As an "emotionally distant," 30-something adult, Bruce has obviously found his soulmate in Betty Ross (Jennifer Connelly), whose father (Sam Elliott), now a four-star general, had institutionalized Bruce's father (now Nick Nolte) when Bruce was a child. Daddy Banner is out now and working as a janitor in Bruce and Betty's lab so he can snoop around because, without being aware of his origins, Bruce is doing the same kind of research his father did.

Betty is estranged from her father too, rightly assuming he's interested in her work because of its possible military applications (e.g., making soldiers "instantly repairable on the battlefield"). His former flunky, Glenn Talbot (Josh Lucas) is a civilian now, working for a corporation that's competing with the army to take over the lab. It's internecine war in the military-industrial complex.

Director Lee (no relation to Marvel Comics mogul Stan Lee, who cameos with Lou Ferrigno as security guards) doesn't exactly cut to the chase, but he gets there eventually. Bruce takes in some "nanomeds" and then is exposed to massive amounts of gamma rays.

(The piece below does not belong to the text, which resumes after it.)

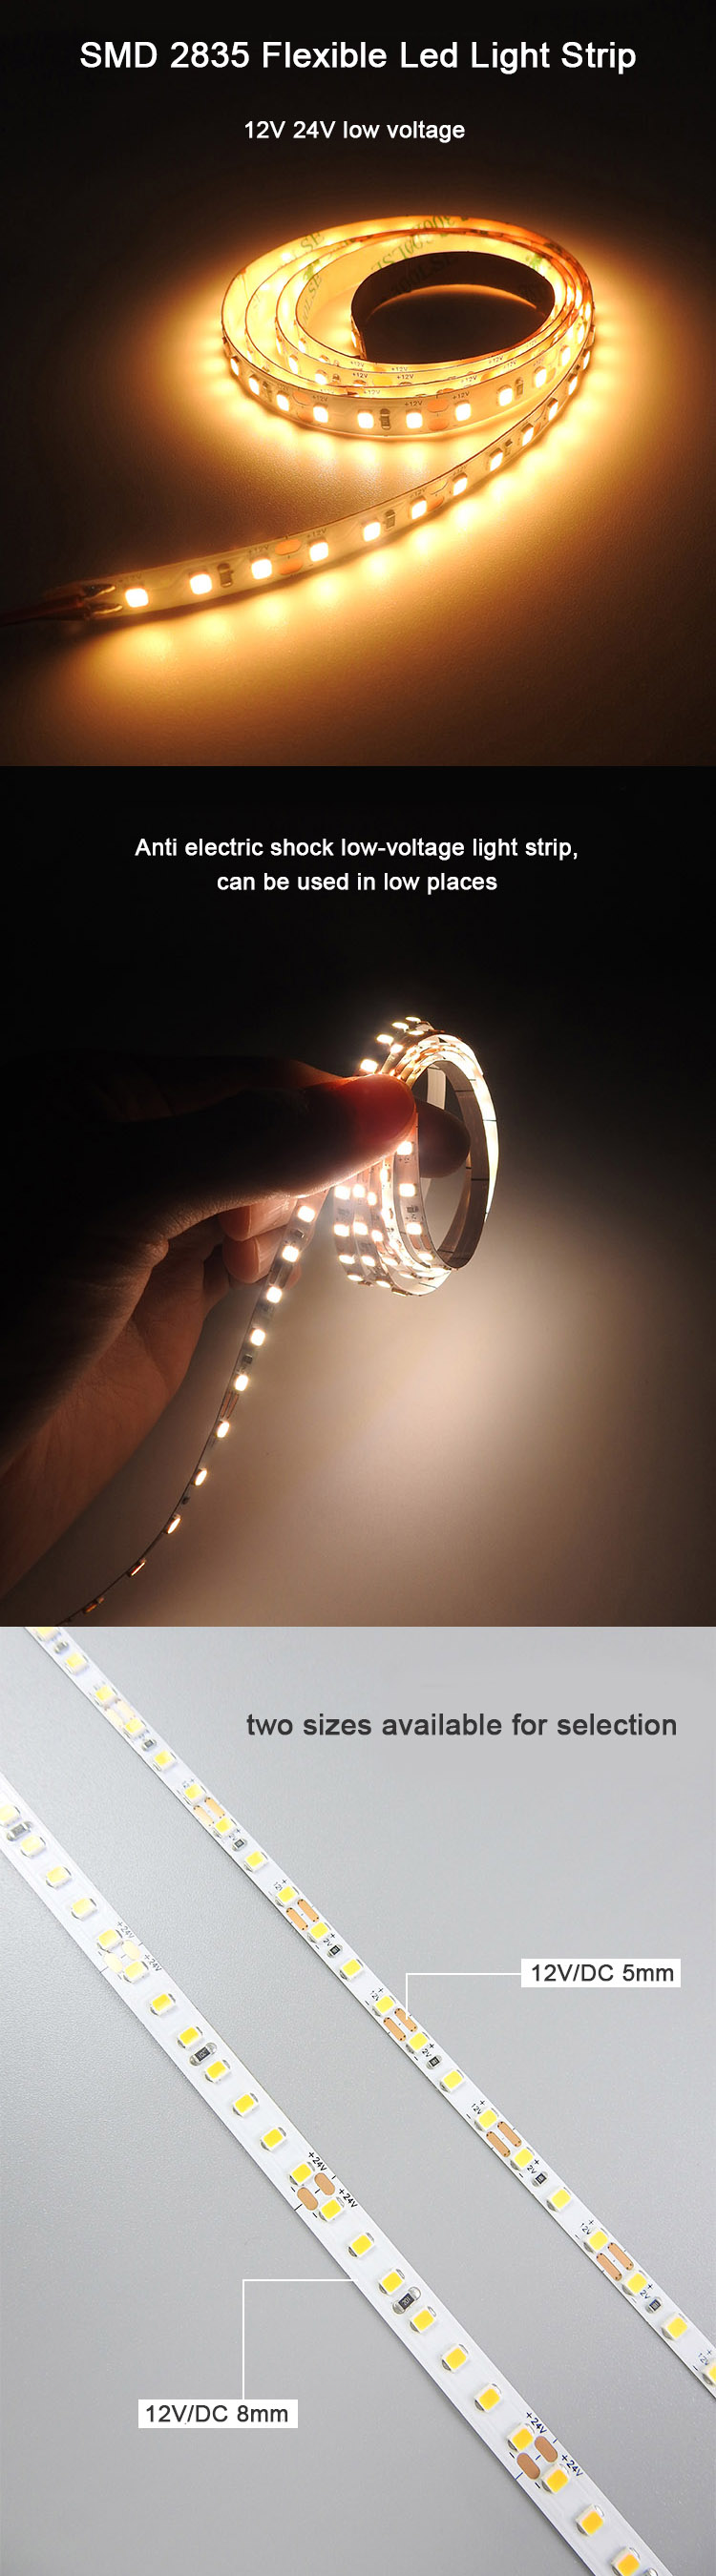 2835 flexible led light strip
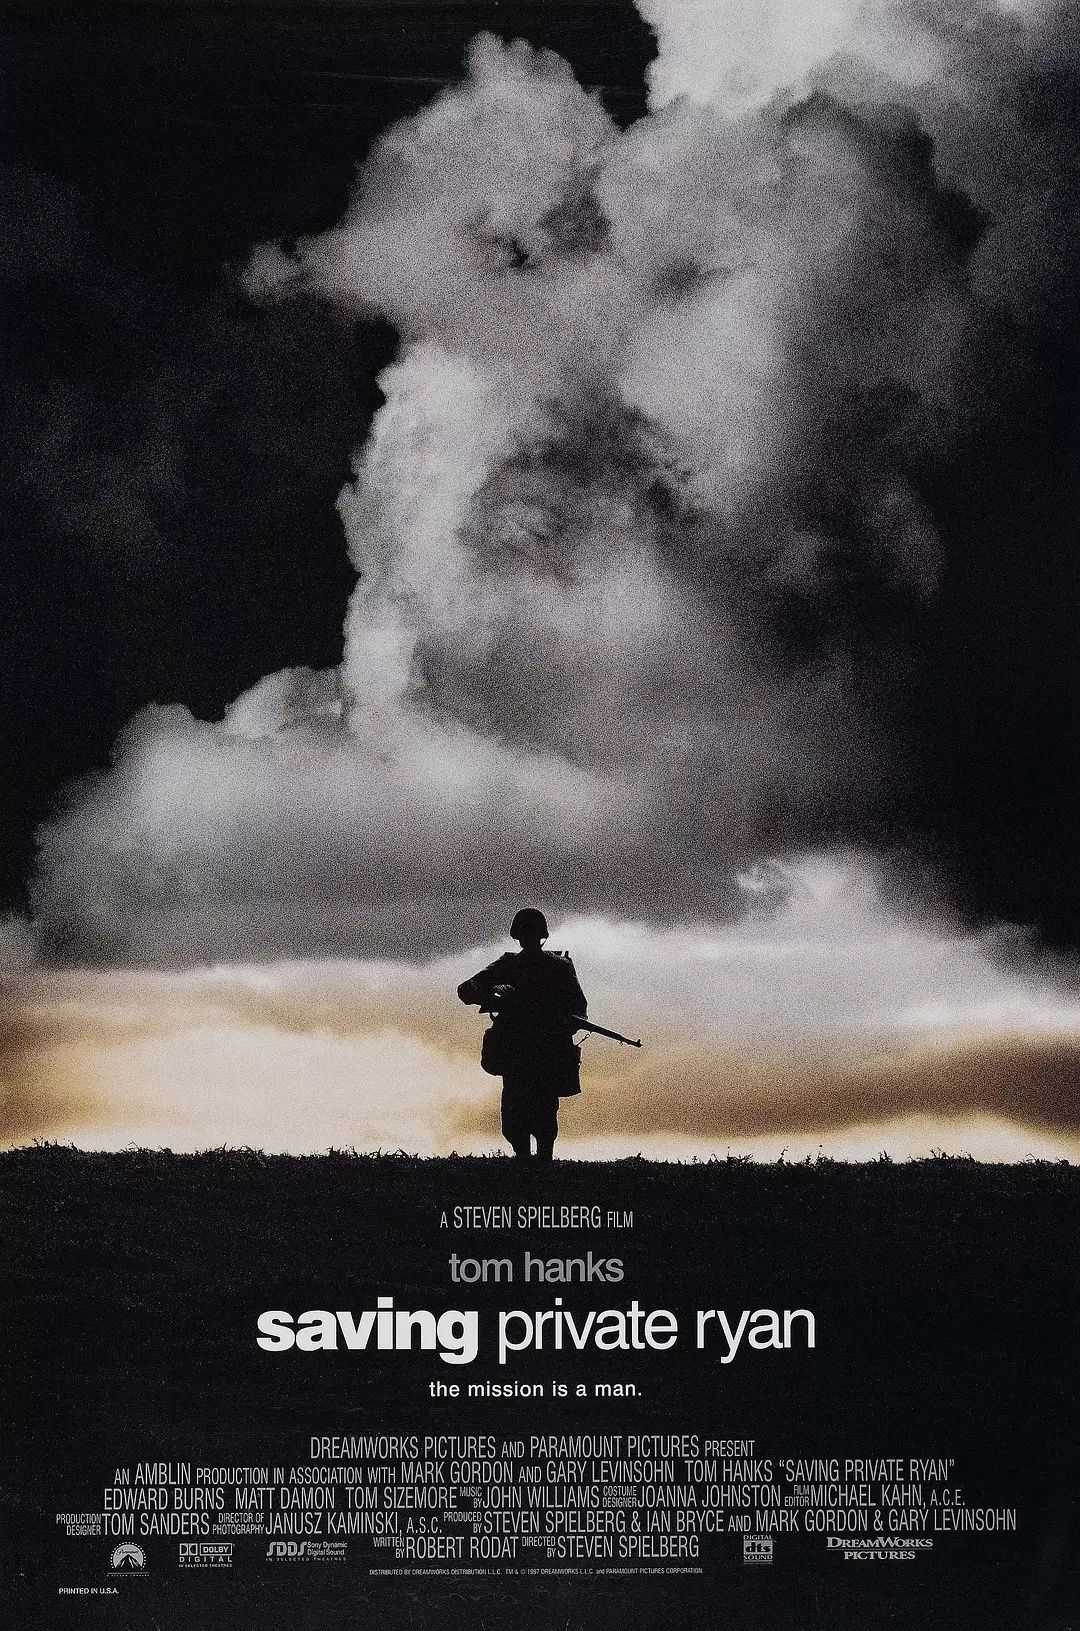 一:《拯救大兵瑞恩》 这部电影的故事不仅仅是拯救了一个大兵,妒乔

The result, as comic fans know well, is that when he gets pissed off he turns green and grows to several times his original size.

When this happens, of course, most of his clothes tear up and fall off, but his midsection miraculously remains discreetly covered. We all know why this happens-- if his naughty bits showed, Hulk would look like the creature from The Blue Lagoon, and the movie would get a more restrictive rating-- but can anyone explain how it happens?

That's one of many mysteries about The Hulk, many of them centered in a sequence where Bruce and his father are simultaneously supersized, the father in an unusual form, and they supposedly are able to exchange energy or something.

If Hulk is our hero, does that mean it's now all right to cheer for him when he's fighting the US Army? In a desert war he does better against them than the Iraqi army did.

Give Ang Lee credit for picking up on the visual aspect of comic book layouts with imaginative use of split screens and creative dissolves, wipes, and such.

Among the many groups The Hulk is not for, you should include children. I sat in front of a young moviegoer from hell, a seat-kicking chatterbox of perhaps six or seven who knew more ways to make noise with a soda cup than science has discovered. The studios want us to see movies like The Hulk with "real people," and whether we like the movie or not we often come away wondering why anyone would pay money to subject themselves to a similar experience.